In the above embodiment, the first terminals 20 inserted into the connector main body 10 from the front and the second terminals 30 inserted into the connector main body 10 from the back are alternately arrayed in the width direction of the connector main body 10. In another embodiment, for example, only the first terminals 20 may be provided.

REFERENCE SIGNS LIST

• • 1 flexible circuit
  • 10 connector main body
  • 14 first terminal hole
  • 15 second terminal hole
  • 16 supporting portion
  • 16a retaining portion
  • 20 first terminal
  • 30 second terminal
  • 40 pressing member
  • 42 pressing portion

Claims

1. A connector comprising:

a synthetic-resin connector main body into which an object to be inserted is to be inserted from the front;

a plurality of terminals held in the connector main body at certain intervals in a width direction;

movable pieces provided at the individual terminals in such a manner as to extend in a front-to-back direction; and

a synthetic-resin pressing member rotatably provided at a rear end of the connector main body, the pressing member bringing the movable pieces of the individual terminals into pressure-contact with the object by rotating in a predetermined direction, wherein when the pressing member is rotated in the predetermined direction, a pressing portion provided at the pressing member pushes up the rear ends of the movable pieces of the individual terminals while rotating to displace the front ends of the movable pieces downwards into contact with the upper surface of the object,

wherein the connector main body has, at the rear end, supporting portions that rotatably support the pressing portion; and

the pressing portion rotates while butting the rear ends of the movable pieces and the supporting portions of the connector main body so that the rear ends of the movable pieces are pushed up by the pressing portion;

the supporting portions each includes a retaining portion that retains the pressing portion to restrict the backward movement of the pressing portions; and

the pressing portion is configured to move forwards while being retained by the retaining portion when rotated in the predetermined direction.

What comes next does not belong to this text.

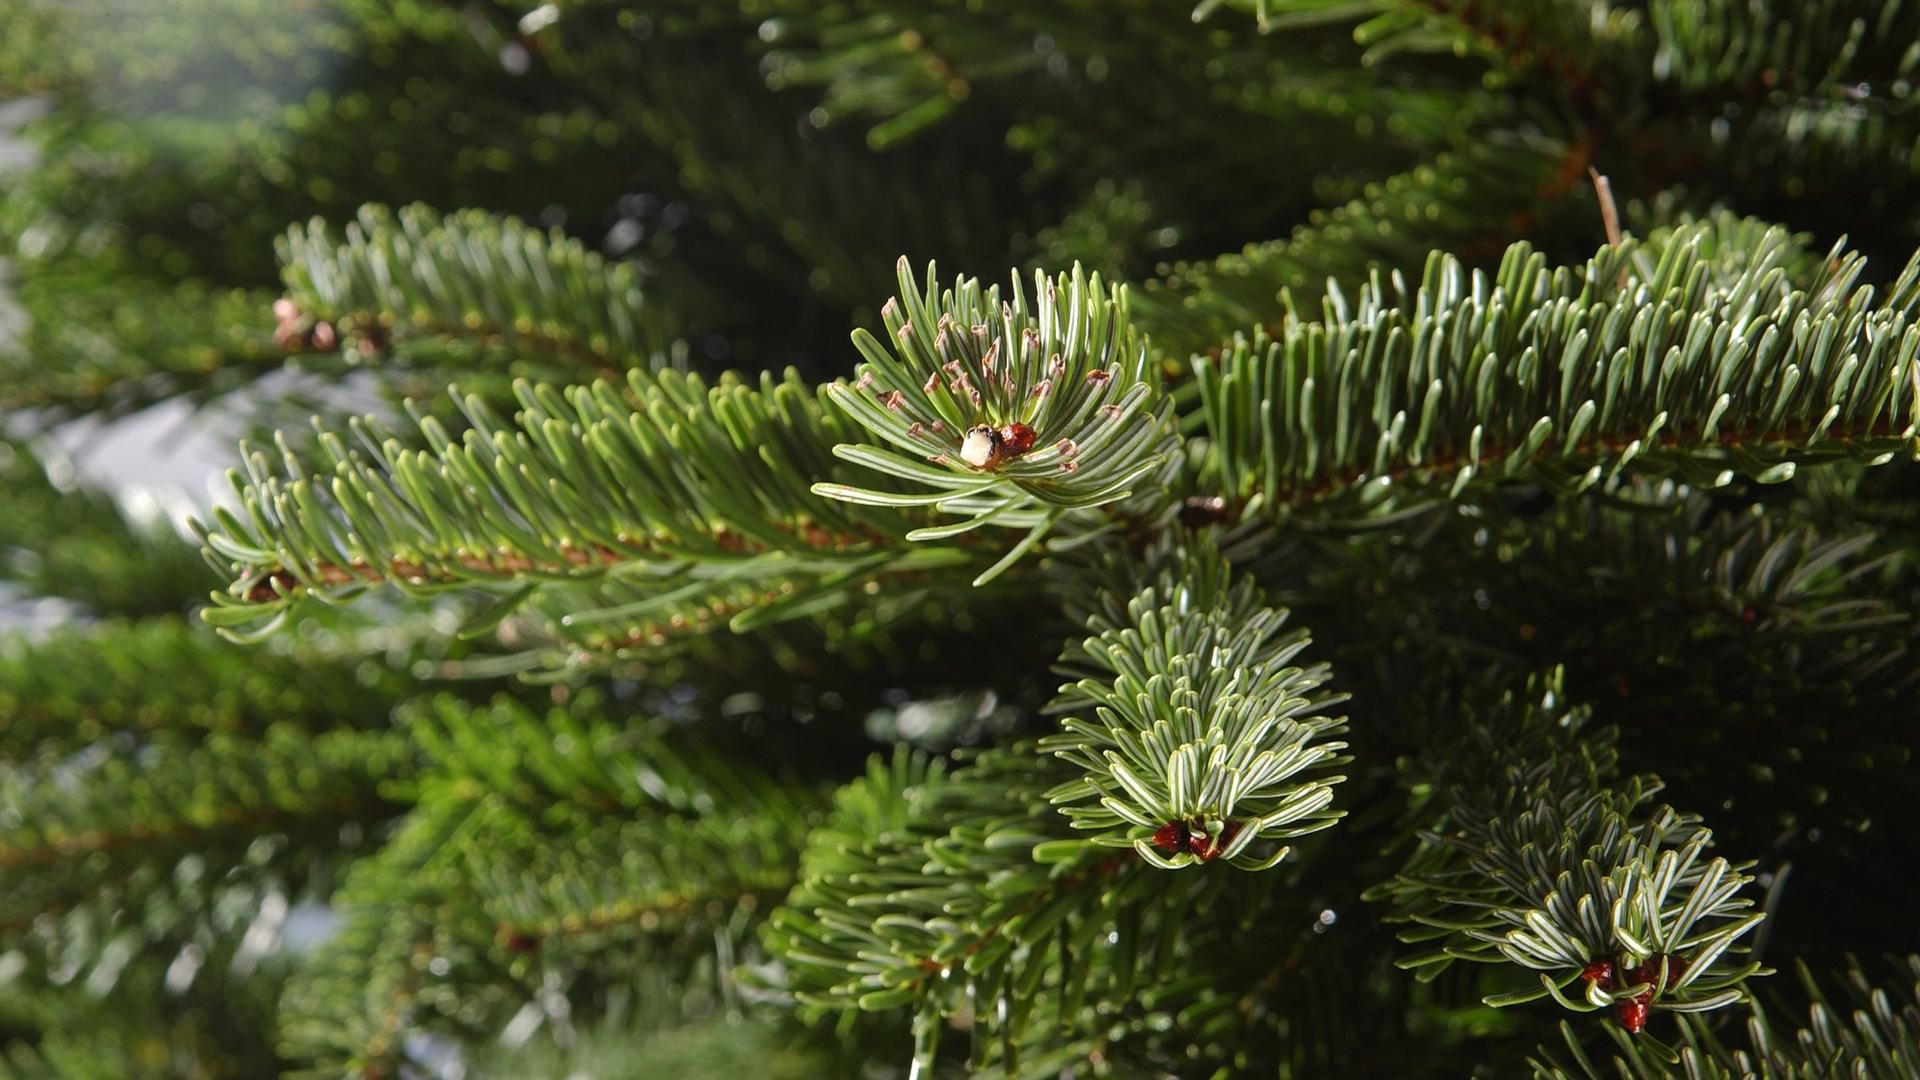 A Christmas tree bough gets its close-up.

2. The connector according to claim 1, wherein

the retaining portion is larger in width than the terminal.

3. The connector according to claim 1, wherein

the terminals include a plurality of first terminals inserted into the connector main body from the front so as to be held in the connector main body and a plurality of second terminals inserted into the connector main body from the back so as to be held in the connector main body;

the first terminals and the second terminals are alternately arrayed in the width direction of the connector main body; and

the connector main body includes a plurality of first terminal holes that hold the individual first terminals and a plurality of second terminal holes that hold the individual second terminals, and the supporting portions are provided at the back of the individual first terminal holes.

4. The connector according to claim 2 wherein

the terminals include a plurality of first terminals inserted into the connector main body from the front so as to be held in the connector main body and a plurality of second terminals inserted into the connector main body from the back so as to be held in the connector main body;

the first terminals and the second terminals are alternately arrayed in the width direction of the connector main body; and

the connector main body includes a plurality of first terminal holes that hold the individual first terminals and a plurality of second terminal holes that hold the individual second terminals, and the supporting portions are provided at the back of the individual first terminal holes.